How I’d structure your day
Give yourself a little cushion. The stadium tour is the time-sensitive part because it depends on your selected departure. Once you finish the stadium visit, you can shift into a museum rhythm that matches your curiosity—grab a quick first pass, then circle back to what you liked most.
If you’re visiting in the afternoon, check the museum closing time first. On weekdays it closes earlier, so you might want to start with the museum right after the stadium tour, rather than treating it like a casual stroll that could run out of time.
Price and value: is $34 a good deal?
At $34 per person for a 2-hour experience, your value comes from two things:
- Stadium access plus a guided route
A stadium tour is the costly part of the combo because it includes organized movement through controlled areas and a live guide (Italian). You’re not just walking around outside; you’re getting interior access to locker rooms, media spaces, and exclusive zones.
- Museum entry without needing a guide
You also get museum time included without paying extra for a guide. The museum uses bilingual presentation (Italian and English) and multimedia, so you’re not completely dependent on a person to explain it.
Where you need to be honest with yourself is the pacing. If you hate feeling rushed, the stadium portion can be the weak spot. And since the museum is self-paced, you’ll get less narrative depth than a guided museum experience might provide.
But if you’re like most football travelers—want the stadium first, then enjoy the museum at your own speed—this price is fairly solid for what’s included.
Who should book this Juventus and Allianz Stadium combo
This tour is a good fit if:
- You want real access inside Allianz Stadium, not just views from outside
- You like museums that use technology and multimedia to keep the visit moving
- You’re fine with a guided component in Italian for the stadium, plus self-paced museum time in Italian/English
You might look for an alternative if:
- You want a long, slow stadium tour with lots of free time in each area
- You strongly prefer a live guide for every part of a museum visit
Language note: the stadium guide is Italian, so if you don’t read or understand Italian, you’ll still likely enjoy the visual access, but you won’t get spoken explanations in English.
If you should book this: my practical take
Book it if you want the best of both worlds in one stop: a guided walk through the inside of the stadium plus a self-guided, multimedia museum that tells the club’s story in Black and White. The format works well for time-conscious travelers: you get key spaces in the stadium and then you can spend museum time without anyone steering your pace.
Skip or adjust your expectations if you’re a person who wants deep narration from start to finish. The museum is self-guided, and the stadium tour can feel short, so plan to treat this as a highlights-and-access experience rather than a long, detailed, conversation-heavy tour.
FAQ
FAQ
Is a live guide included for the Juventus Museum?

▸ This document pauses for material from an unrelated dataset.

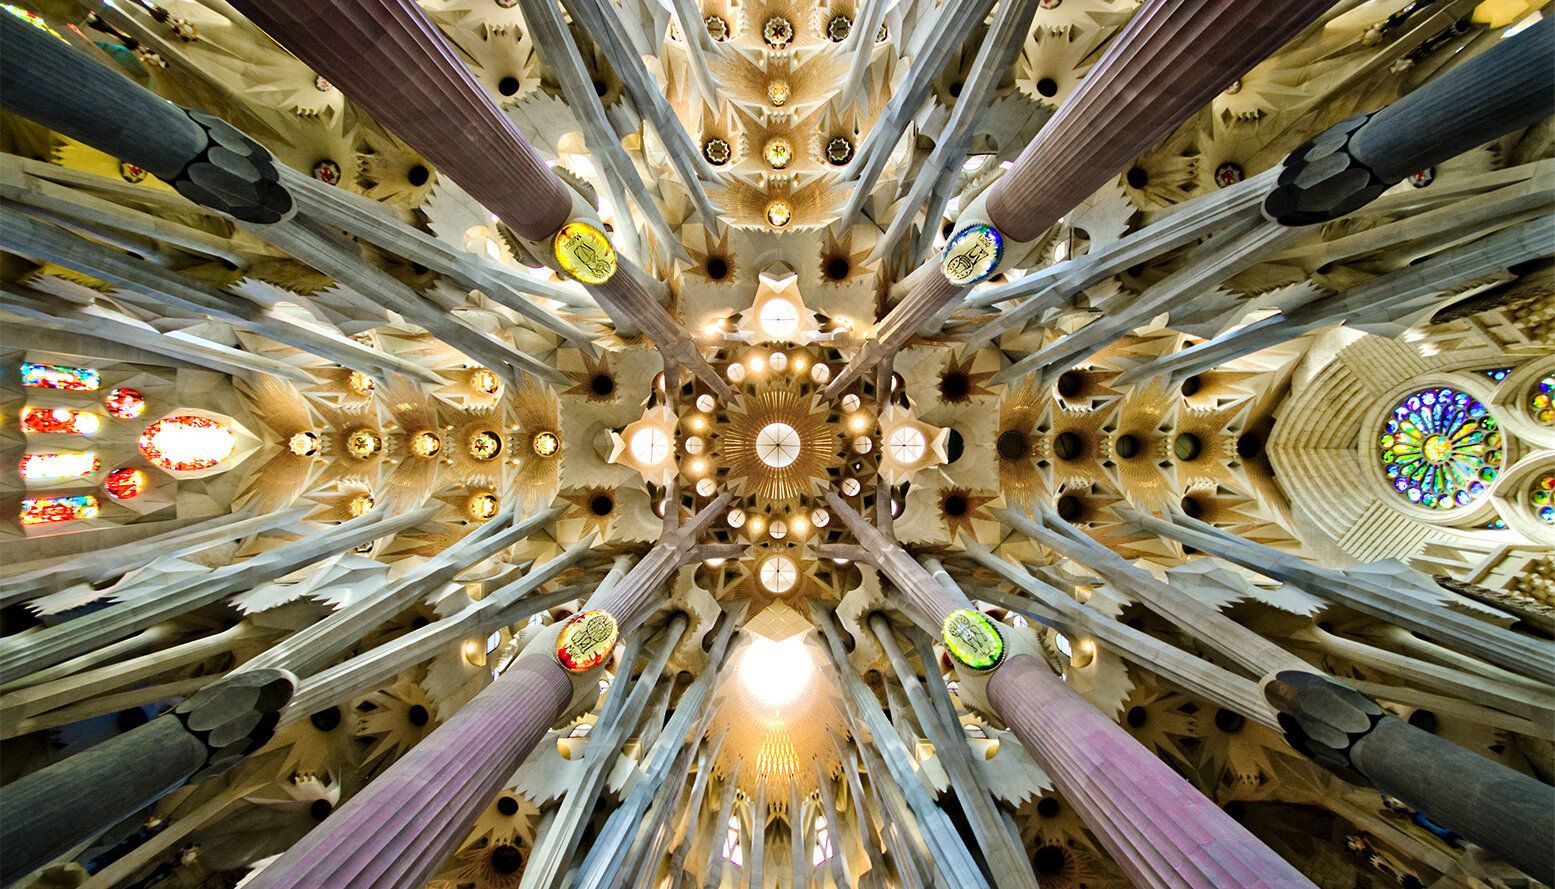 A Sagrada Familia templomhajójának különleges mennyezete, amelyhez a fákból merített ihletet. Az oszlopok a fák törzsét, a mennyezet mintázata az ágakat idézik. - forrás: wikipedia

No. Your ticket includes a live guide for the stadium tour only. The Juventus Museum visit is included as a self-guided visit during opening hours.
What language is the live guide?
The live guide provided for the stadium tour speaks Italian.
Are there audio guides for the museum?
Yes. An audio guide service is available on the spot for €5.00, with languages listed as Italian, English, French, German, and Spanish.
Where do I meet for the tour?
Meet at the entrance and look for the Juventus Museum sign.
What are the Juventus Museum opening hours?
Mon, Wed, Thu, Fri: 10:30–18:00. Sat, Sun: 10:30–19:30.
How long is the full experience?
The total duration is listed as 2 hours, with you selecting a scheduled starting time for the stadium tour.